Campus winery celebrates 10 years of history, awards

Vicente Reyes / The Collegian

Fresno State, the first college campus in the nation to open a commercial winery, celebrated the 10-year anniversary mark on Saturday at the winery.

Professors, students, and many guests shared stories and drank their favorite Fresno State wines.

As guests walked in, there was a table set up showcasing a few of the many awards that were won by Fresno State wines. The room was filled with people enjoying a free wine tasting, while different professors gave speeches about the numerous accomplishments and progress that the winery has made.

Dr. Robert Wample, chair of the viticulture and enology department and director of the Viticulture and Enology Research Center, said that the winery was developed to give students an educational program through winemaking.

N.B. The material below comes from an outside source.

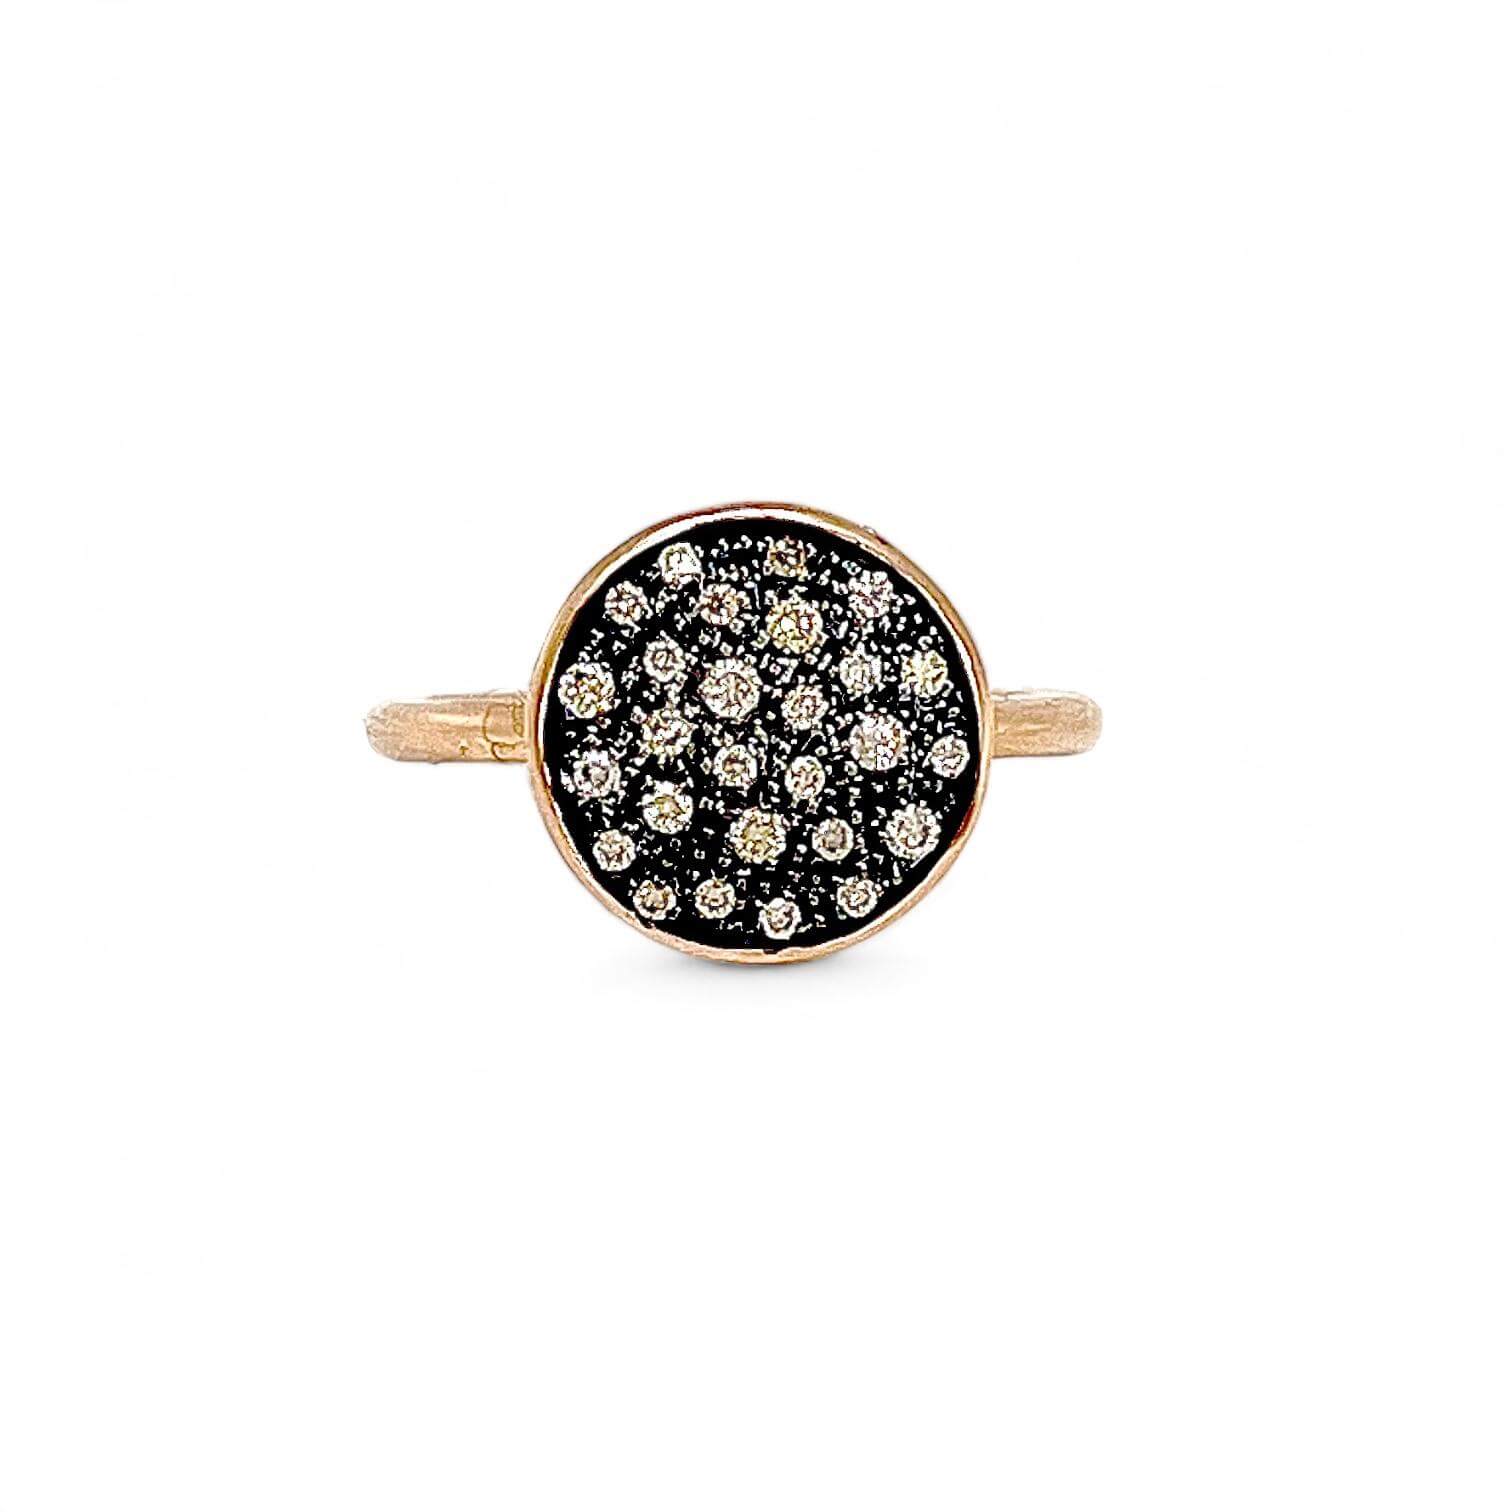 TOPPINA rose gold and diamond ring Art. 7771BW

Viticulture is the study of grapes, and enology is the study of winemaking. Wample said the program consists of three enterprise aspects that are mainly run by student involvement. The picking of grapes and the processing of raisins are the two beginning parts. The third is the winery enterprise itself.

Wample said the department of viticulture and enology, combined with the Viticulture and Enology Research Center and the University Ag Laboratory, make up the three major components of the winemaking program.

Vicente Reyes / The Collegian

“We are unique in that we have all three of those components within this program,” Wample said. “No other program on campus or anywhere else that I’m aware of has anything similar.”

Through the years, the addition of more tanks, pumps, a wine barrel and a wine press have allowed the program to enhance and grow. New technologies that will be introduced will become a standard part of the industry, adding to the education of students.

“A student who comes here and invests themselves in the process will leave here as an outstanding winemaker,” Wample said.

Dan Rotlisberger, majoring in both viticulture and enology, said that he came to Fresno for the opportunity to be out in the vineyard instead of learning in a classroom. Students are able to learn about the insects and irrigation systems in the field and how they affect the grape growing and wine making process.

“The hands-on separates this program from any other school,” Rotlisberger said.

According to the department of viticulture and enology Web site, upcoming events for the Fresno State Winery include the Le Vin Nouveau wine tasting on Nov. 15 at 5:30 p.m. at the winery, and a pruning and sustainable production workshop on Dec. 7.